Abstract

Potential geologic carbon storage (GCS) sites with a history of oil and gas production have well-characterized injectivity and storage capacity, but the presence of legacy wells increases leakage risk. Thus, the success of GCS operations at sites with many wells will require a thorough leakage risk assessment and a robust strategy for managing well leakage risk over the lifetime of the project. In this study, we demonstrate a workflow that uses the National Risk Assessment Partnership’s open-source Integrated Assessment Model to quantify well leakage risks and test the performance of various leakage risk management strategies at a heavily drilled GCS site. Our model simulates a 50-year basin-scale injection of CO2 at a hypothetical site based on the Kimberlina Project Site in the Southern San Joaquin Valley of California. Brine and CO2 leakage through 1000 legacy wells into a USDW are stochastically simulated as a proxy for risk. We consider multiple scenarios that explore the efficacy of various well leakage risk management strategies with changes in well leakage behavior, reservoir behavior, and post-injection site care (PISC) length. Predicted leakage at the site after 100 years was small with a maximum CO2 leakage of 102.1 tonnes (4.08 × 10−5% of the 250 Mt injected) and a maximum brine leakage of 2.4 tonnes.

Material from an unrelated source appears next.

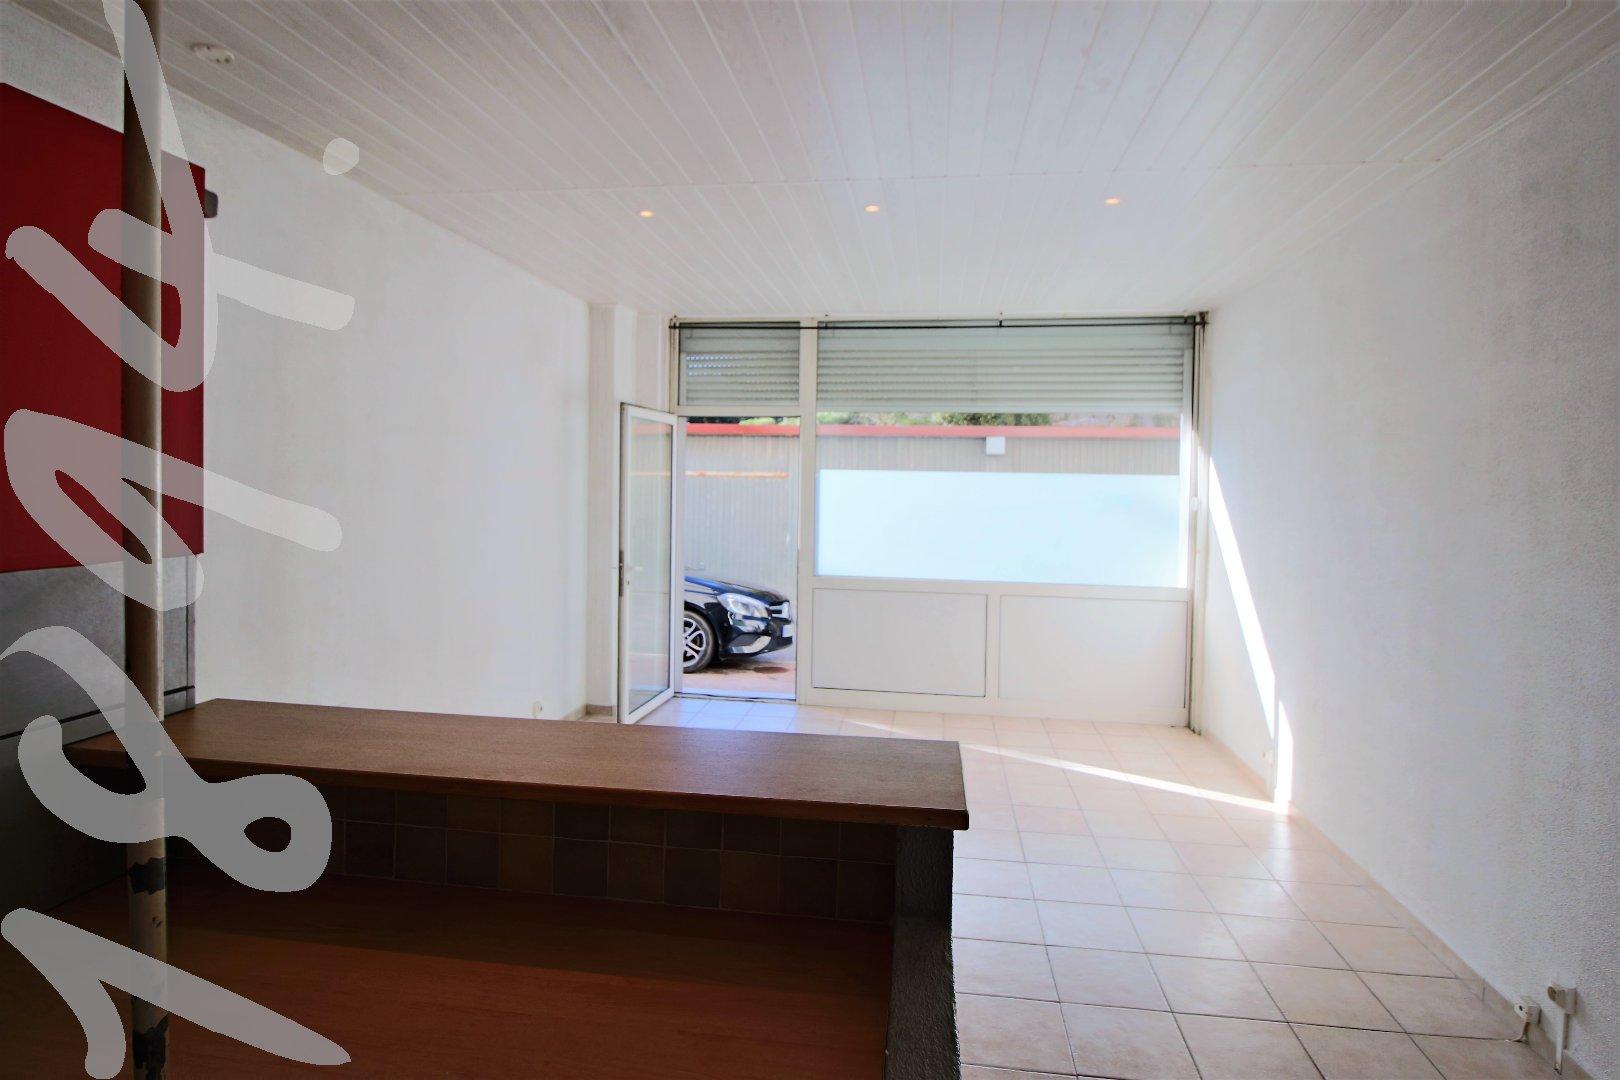 EXCLUSIVITE Carnoux vente appartement T2 de 53m2
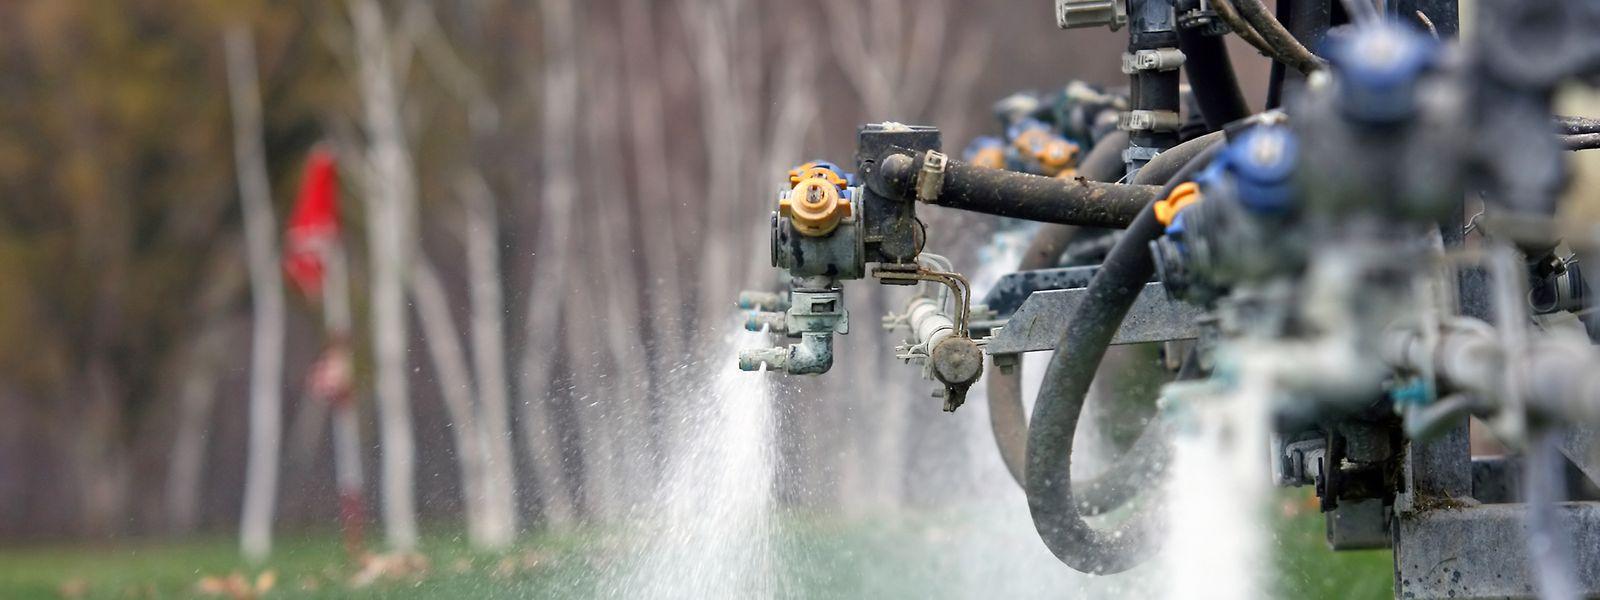 Ab 1. Januar 2021 wird kontrolliert, ob sich die Betriebe an das Glyphosatverbot halten oder nicht.

Leakage risk management strategies based on accurate prior information about well leak probability reduced leakage risks more effectively at the modeled site and were more robust with respect to reservoir uncertainty than strategies based on the distance of the legacy well from the injector. The importance of the PISC period length was not clear as it had a negligible impact on CO2 leakage risk but a sizable impact on brine leakage risk in our model.